- [Exercise brief]: The output should contain the listing word for word and no pictures.

- [Dataset extract]:
· · · · ·

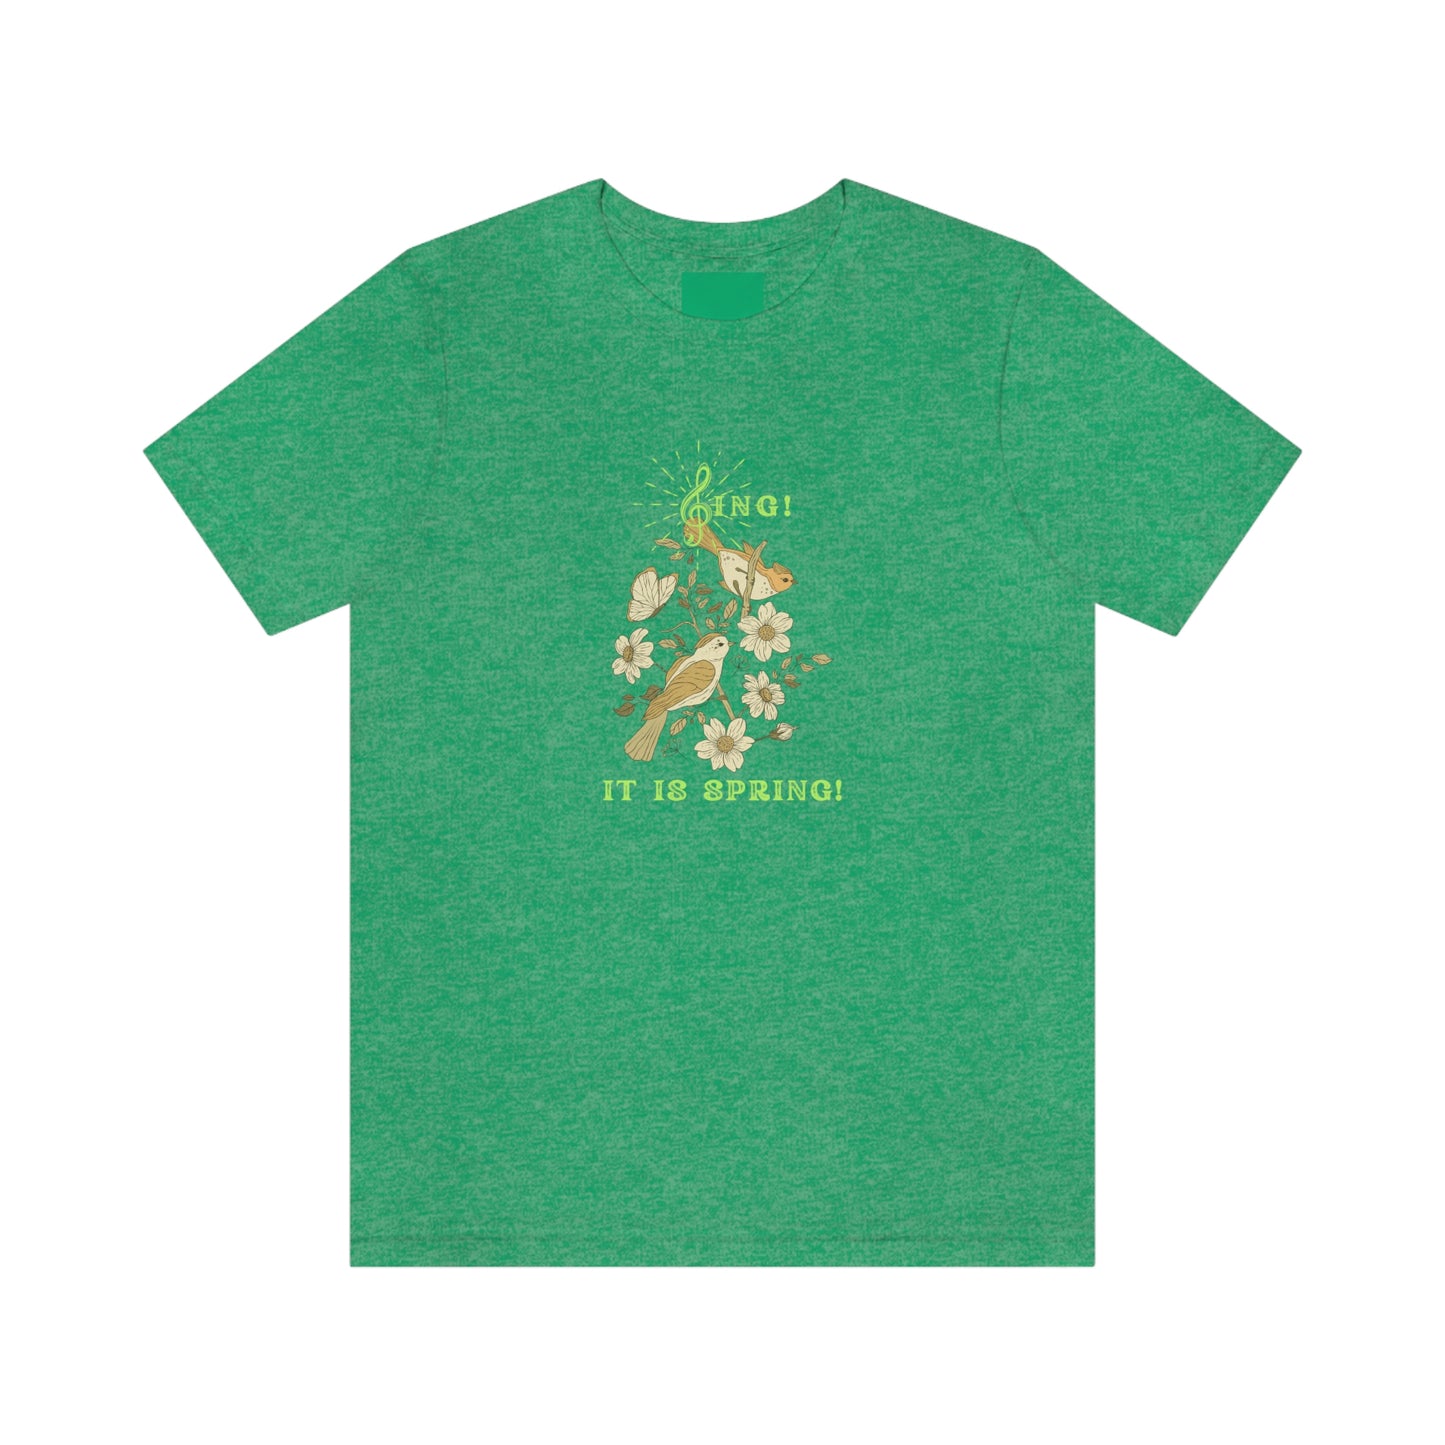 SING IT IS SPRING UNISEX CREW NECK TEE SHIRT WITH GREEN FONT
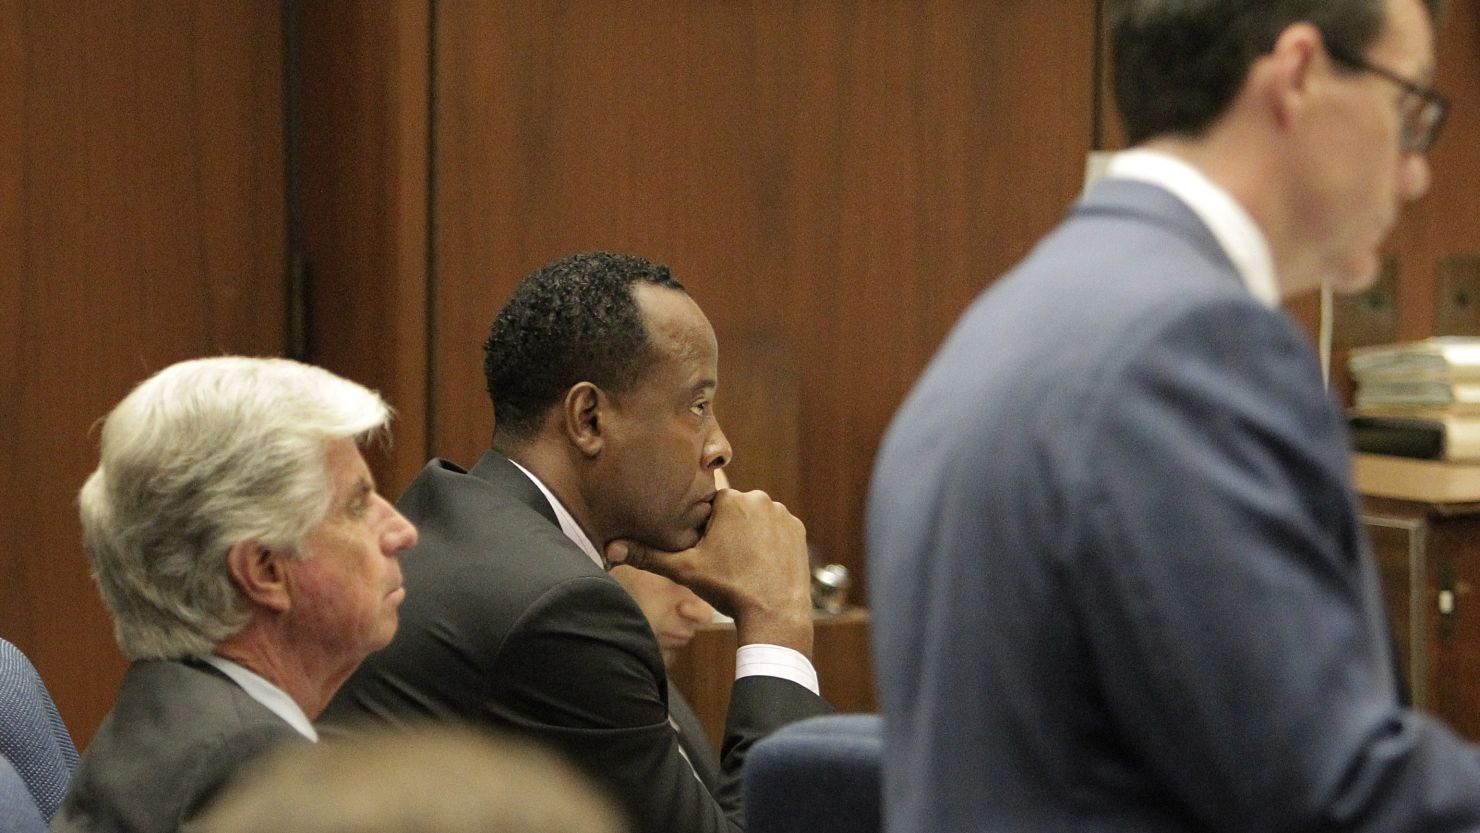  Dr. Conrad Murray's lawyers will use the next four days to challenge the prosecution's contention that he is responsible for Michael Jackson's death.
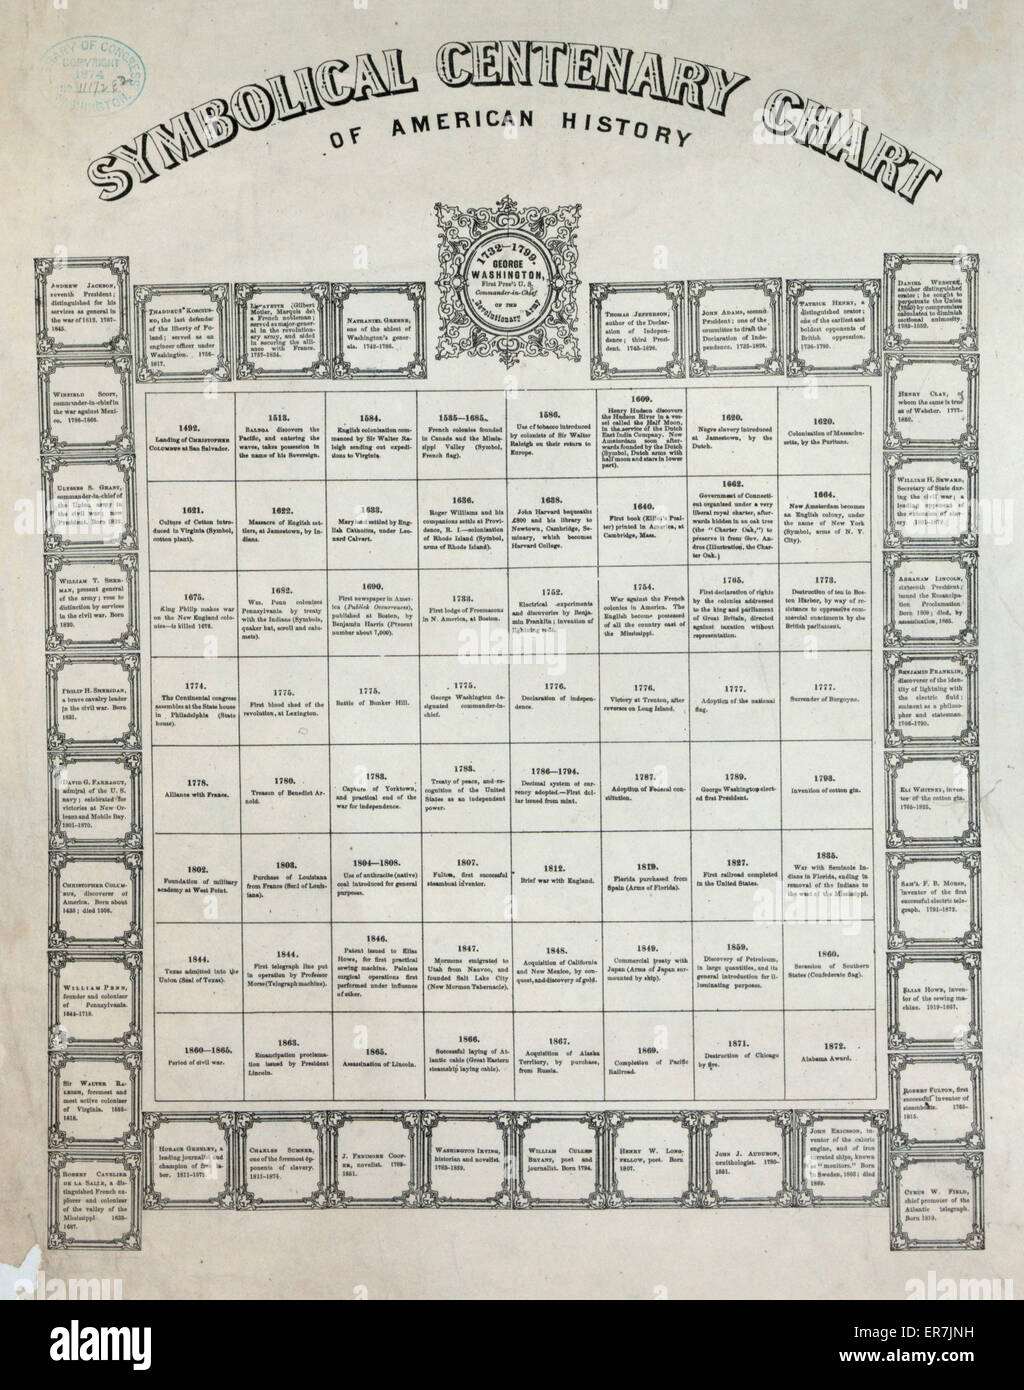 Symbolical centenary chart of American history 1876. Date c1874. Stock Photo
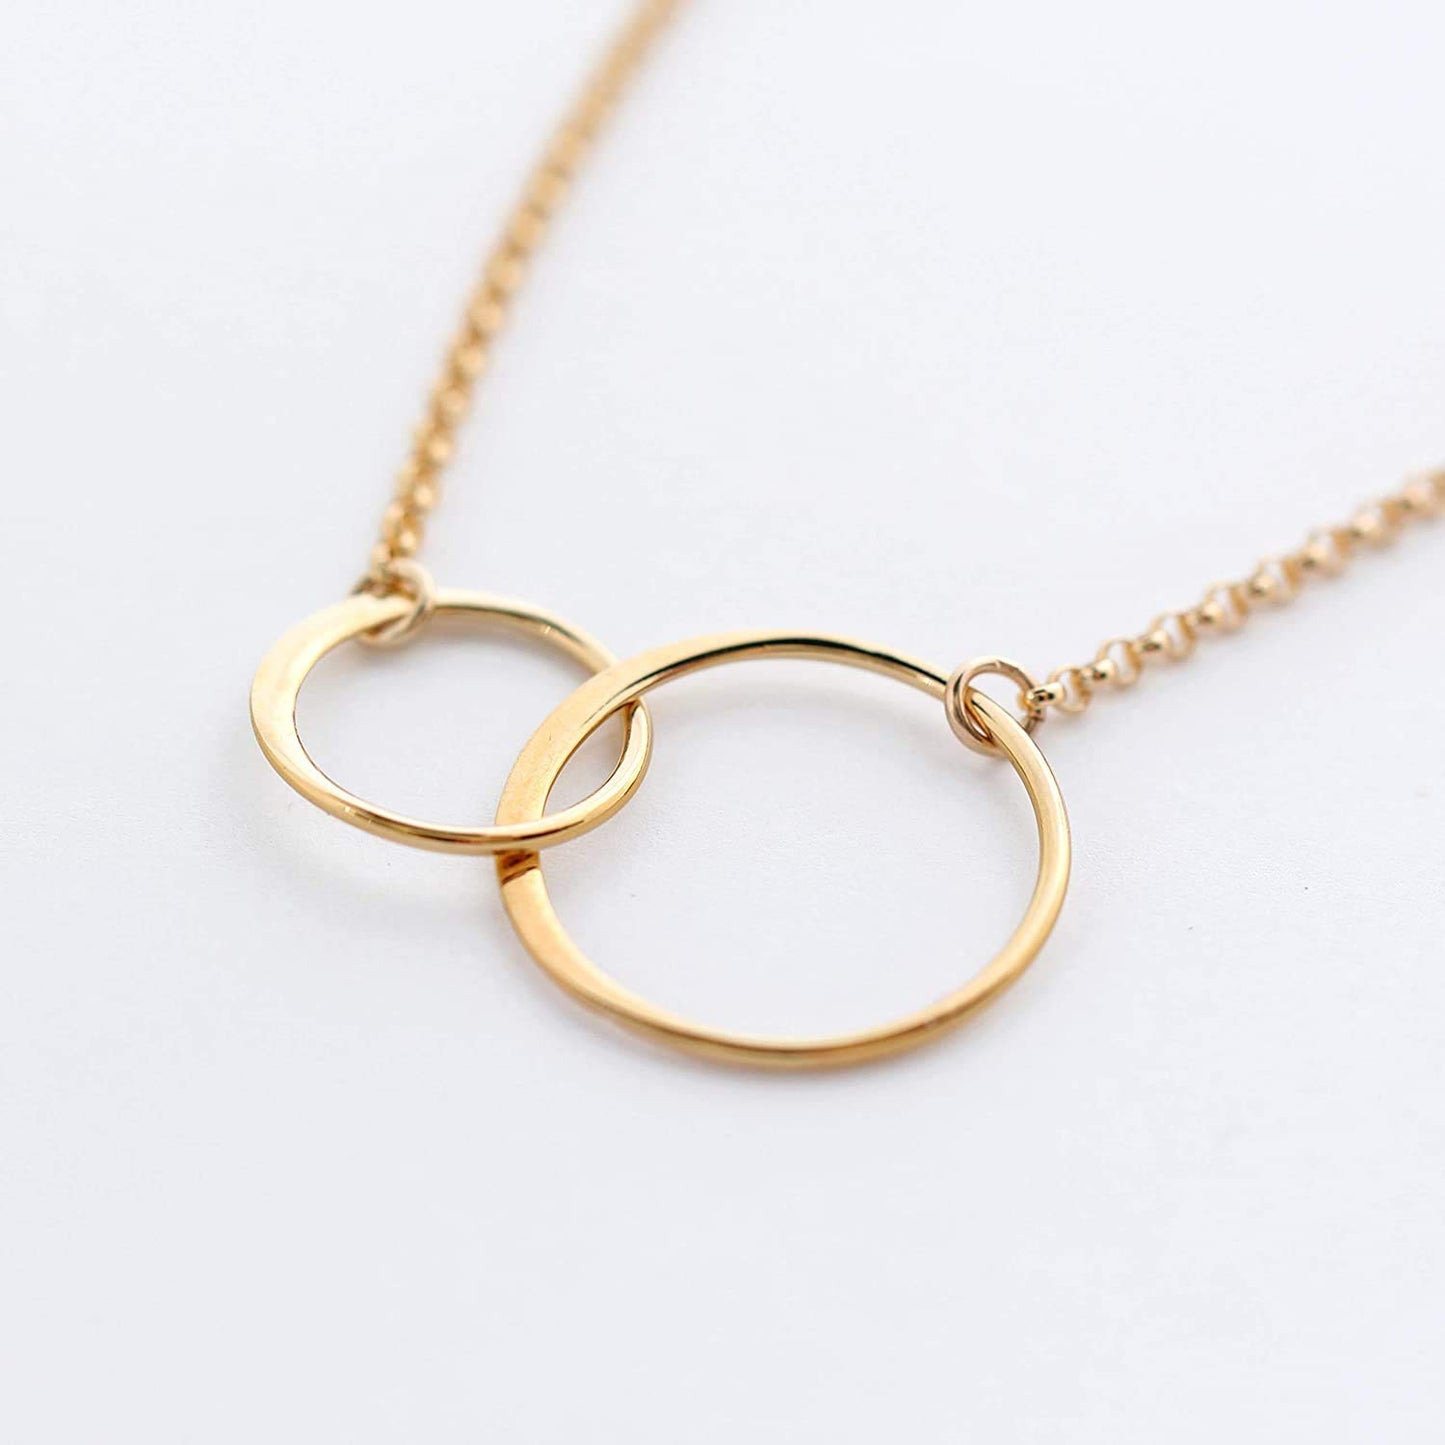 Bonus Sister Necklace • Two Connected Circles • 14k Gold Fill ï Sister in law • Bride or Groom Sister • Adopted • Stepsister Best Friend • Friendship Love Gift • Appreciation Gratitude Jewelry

· · · · ·

- [Task answer]:
 SING IT IS SPRING UNISEX CREW NECK TEE SHIRT WITH GREEN FONT
  Dr. Conrad Murray's lawyers will use the next four days to challenge the prosecution's contention that he is responsible for Michael Jackson's death.
 Symbolical centenary chart of American history 1876. Date c1874. Stock Photo
 Bonus Sister Necklace • Two Connected Circles • 14k Gold Fill ï Sister in law • Bride or Groom Sister • Adopted • Stepsister Best Friend • Friendship Love Gift • Appreciation Gratitude Jewelry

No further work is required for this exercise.